Credentials are captured **once** to `~/.config/inca-creds` (chmod 700,
outside this repo) and replayed into each instance. They're never baked into the
image.
## Requirements
- Linux host with **Incus >= 7.0** and hardware virtualization (`/dev/kvm`). On a
virtualized host you need nested virt, or you can fall back to system
containers (weaker isolation). The distro package is usually older than 7.0 and
ignores `io.cache` on virtiofs shares (breaking `mmap`, e.g. JVM/JaCoCo), so
install from the upstream LTS repo — see the
[install guide](https://linuxcontainers.org/incus/docs/main/installing/) and
[upstream packages](https://github.com/zabbly/incus).
- `rsync` and `ssh` (and `sshfs` only for the deprecated `just mount`).
- An SSH keypair (`~/.ssh/id_ed25519`).
Run `just doctor` — it checks all of the above and prints actionable hints.
## Quick start
```sh
just doctor # preflight: incus, KVM/nested virt, RAM, tooling, base image
just provision # build + install tools into a builder VM
just bake # publish the builder as the golden image
just up inca-vm # launch a fresh instance from the golden image
just login inca-vm # one-time: run each agent's /login flow inside the VM
just save-creds inca-vm # capture agent creds to the host (do this once)
```
From then on, spinning up a ready-to-go agent box is just:
```sh
just up another-box # fresh VM, your creds already inside
```
## Daily use
Your projects live on the host at `~/inca-work//` and are shared into
the VM over virtiofs at `work/`. Get a project in one of two ways:
```sh
just clone inca-vm # clone host-side (your creds) into inca-work, then share
just take ~/code/myproject inca-vm # copy an existing dir into inca-work, then share
```
Then work — editing and git happen on the **host**; the agent sees the same files
live in the VM:
```sh
just ssh inca-vm # shell in and turn the agent loose
just forward 3000 5173 # forward guest dev-server ports to localhost
git gui # …or just run your tools natively against ~/inca-work/inca-vm/myproject
```
Manage shares directly when you need to:
```sh
just share myproject inca-vm # (re)attach ~/inca-work/inca-vm/myproject
just unshare myproject inca-vm # detach (host copy untouched)
just reshare inca-vm # re-attach everything under ~/inca-work/inca-vm/ (run by `up`)
```
Lifecycle:
```sh
just list # all instances
just stop inca-vm # freeze (keeps disk state)
just start inca-vm # resume
just reset inca-vm # destroy + relaunch clean from golden (host projects re-shared on boot)
just destroy inca-vm # delete for good
```
Run `just` with no arguments for the full grouped list.
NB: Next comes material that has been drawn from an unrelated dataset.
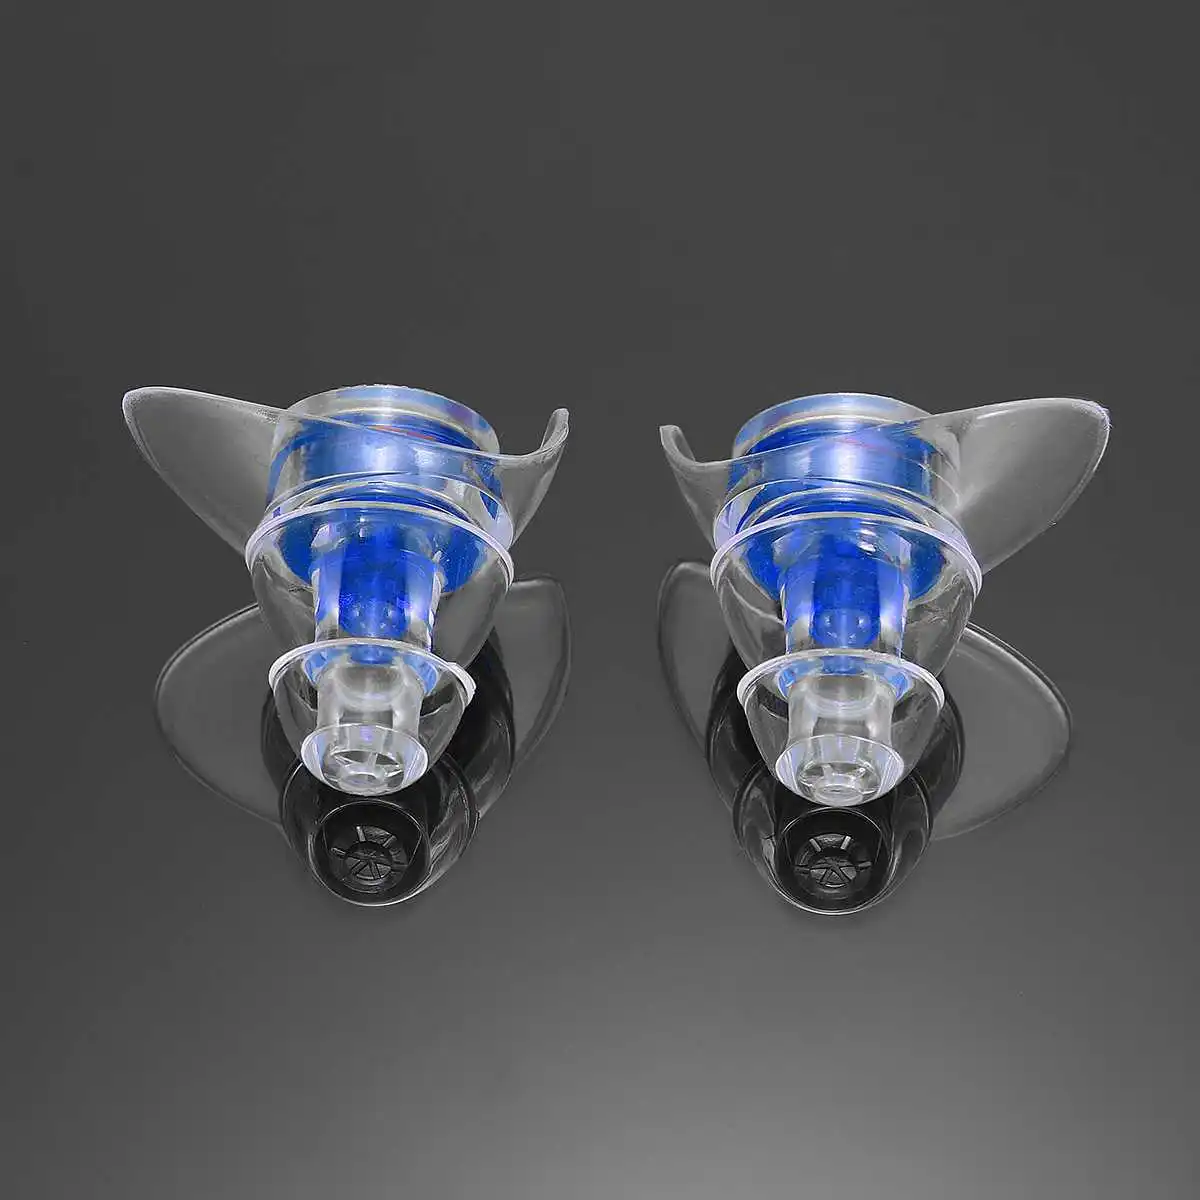 2 пары мягких силиконовых ушных затычек, защита для ушей, многоразовые профессиональные музыкальные затычки для ушей, предотвращение шума, для путешествий, сна, спорта - Цвет: Синий

The old rsync/sshfs
recipes (`sync-in`, `sync-out`, `mount`) live in a `deprecated` group — use them
only when you deliberately don't want to share host files into an untrusted VM.
> **Trust note:** a shared dir gives the (untrusted) VM read-write access to that
> host directory. Only share repos you'd push anyway. Everything else on your host
> stays out of reach. Host uid 1000 maps to the VM's `dev` user, so ownership lines
> up without extra config.
## Configuration
Defaults live in [`config/vm.env`](config/vm.env) and are safe to override per
host (VM name, image, CPU/RAM, user, storage pool, network, golden-image alias).
Other knobs:
- [`config/mise-global.toml`](config/mise-global.toml) — toolchain mirrored into
the VM (node, java, tmux, …). Keep roughly in sync with your host config.
- [`config/cred-paths.txt`](config/cred-paths.txt) — which agent auth files get
captured and replayed. Add a line when you adopt another agent.
- [`config/rsync-excludes.txt`](config/rsync-excludes.txt) — reconstructable
artifacts the guest rebuilds locally (not synced).
- [`config/cloud-init.yaml`](config/cloud-init.yaml) — machine-level provisioning
(packages, swap, Docker, the `dev` user).